No, it does not matter in the grand scheme of things, but it is all going to be in my face the next few weeks via social media and television. No, I won't cut it all off. I do have to buy some gifts for the kids, cannot get around that. My family is a huge disappointment to me for some reason lately. At Thanksgiving my only sister told me a few days before that she wanted nothing to do with me and my children basically, without coming right out and saying it. That put a dark cloud over our whole day, no one said anything but it was hurtful. Plus my daughter in law is so casual that she did not even bother to set the table, we all had mismatched plates and glasses. We only had glasses rather than plastic cups because I mentioned it. It felt like a last minute gathering rather than a special occasion. I could go on and on but the day just stunk to me. I guess my expectations are high, that is not how I would do things. I wonder if the disappointment was obvious in my face? When we sat down to eat, all crammed in at a little table, I had an awful feeling come over me. It was profound. Not sure exactly what to blame for that.

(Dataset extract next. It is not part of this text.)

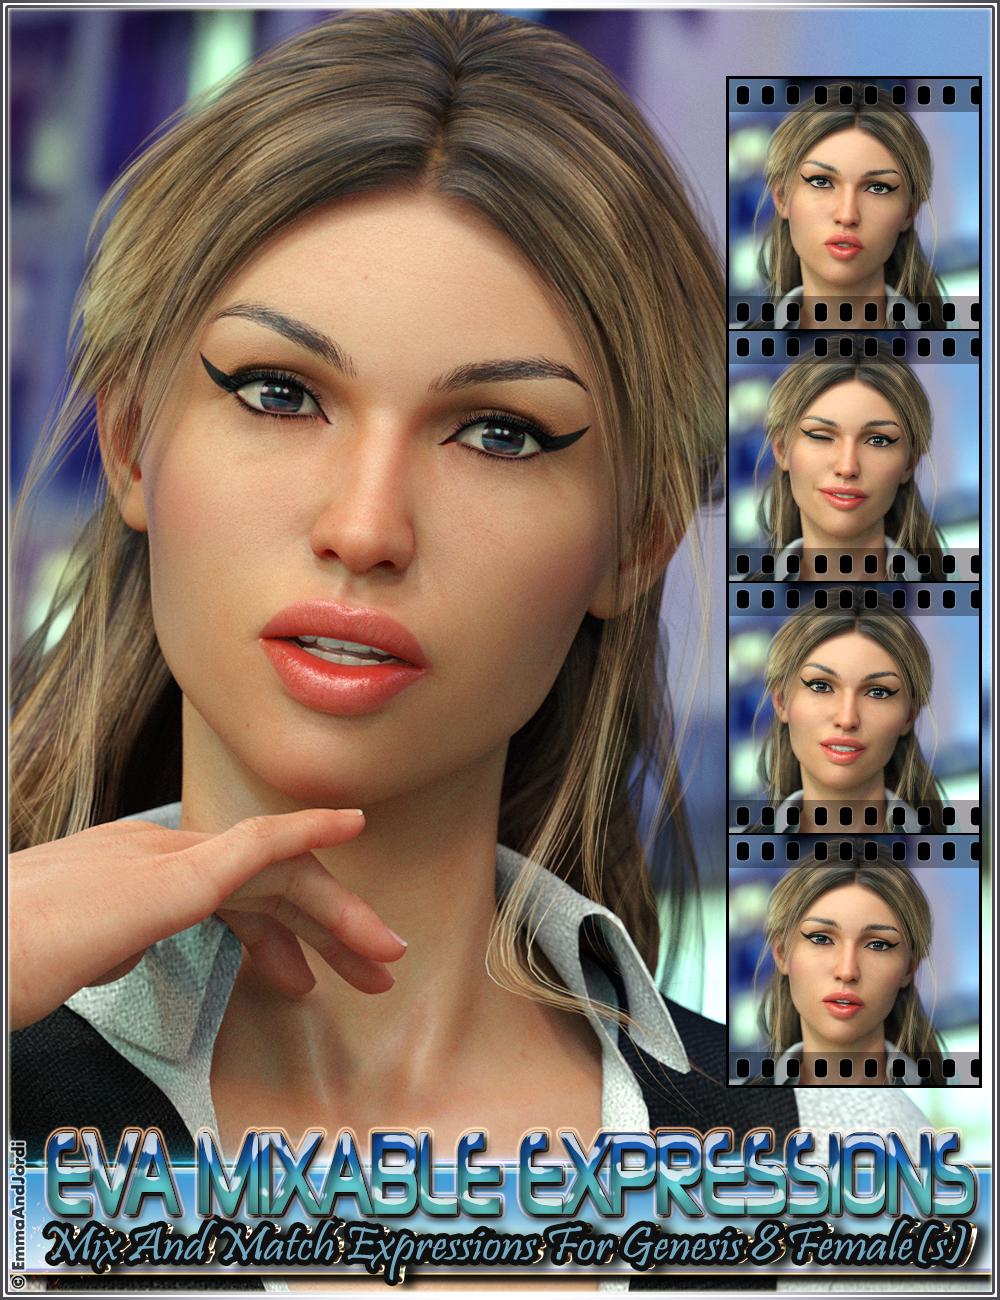 Eva Mixable Expressions for Genesis 8 Female(s) by: EmmaAndJordi, 3D Models by Daz 3D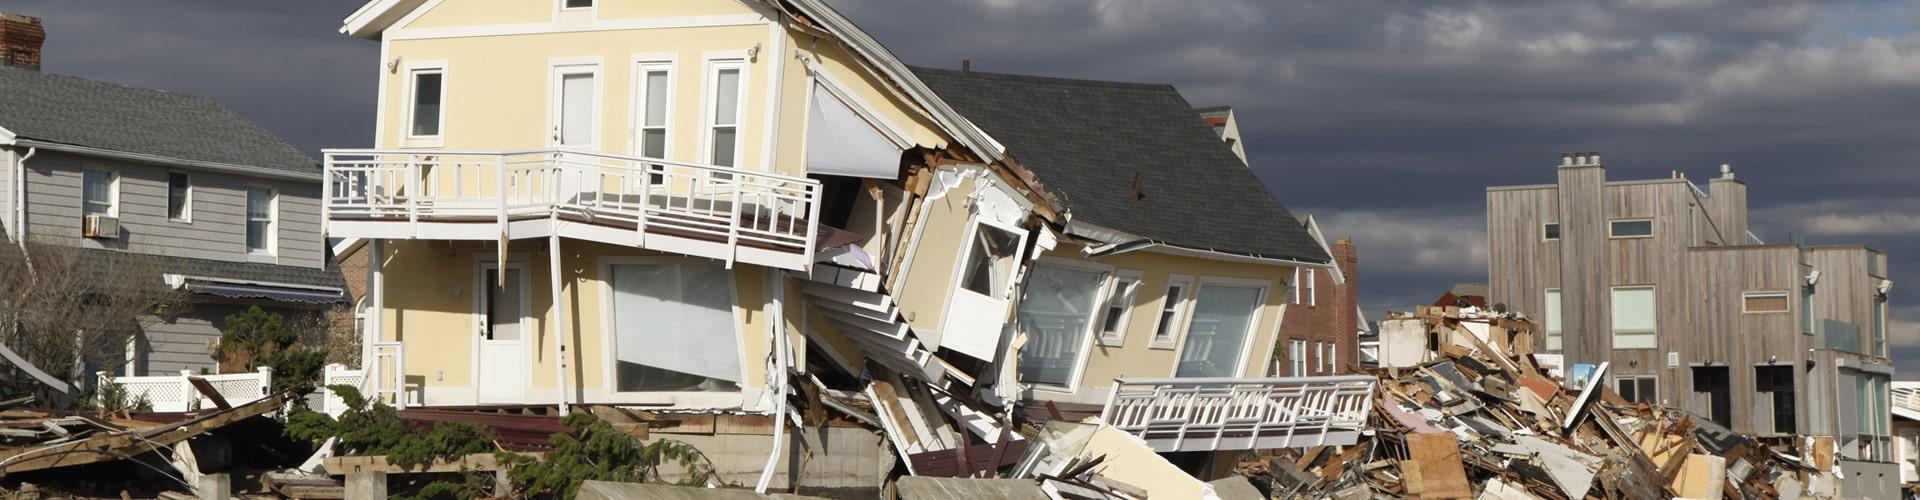 storm-damaged-home-500

Next time I guess we should just get take out Chinese and sit on the couches watching the parade. I cannot look forward to holidays like that anymore. Why bother? With my attitude right now I don't expect much for Christmas. Now that our family is completely broken up, I guess I just need to take the gifts to the kids, stay a minute and then just retreat back to my cave. I used to go full force into Christmas, put up a nice expensive tree and decorate. Do lots of baking and spend lots of time shopping for gifts. Now I do not have the money for all that. Who says money can't make you happy? It certainly could for a little while. Having none can sure make you miserable. Christmas really should not be all about who has the money to afford it, but it is!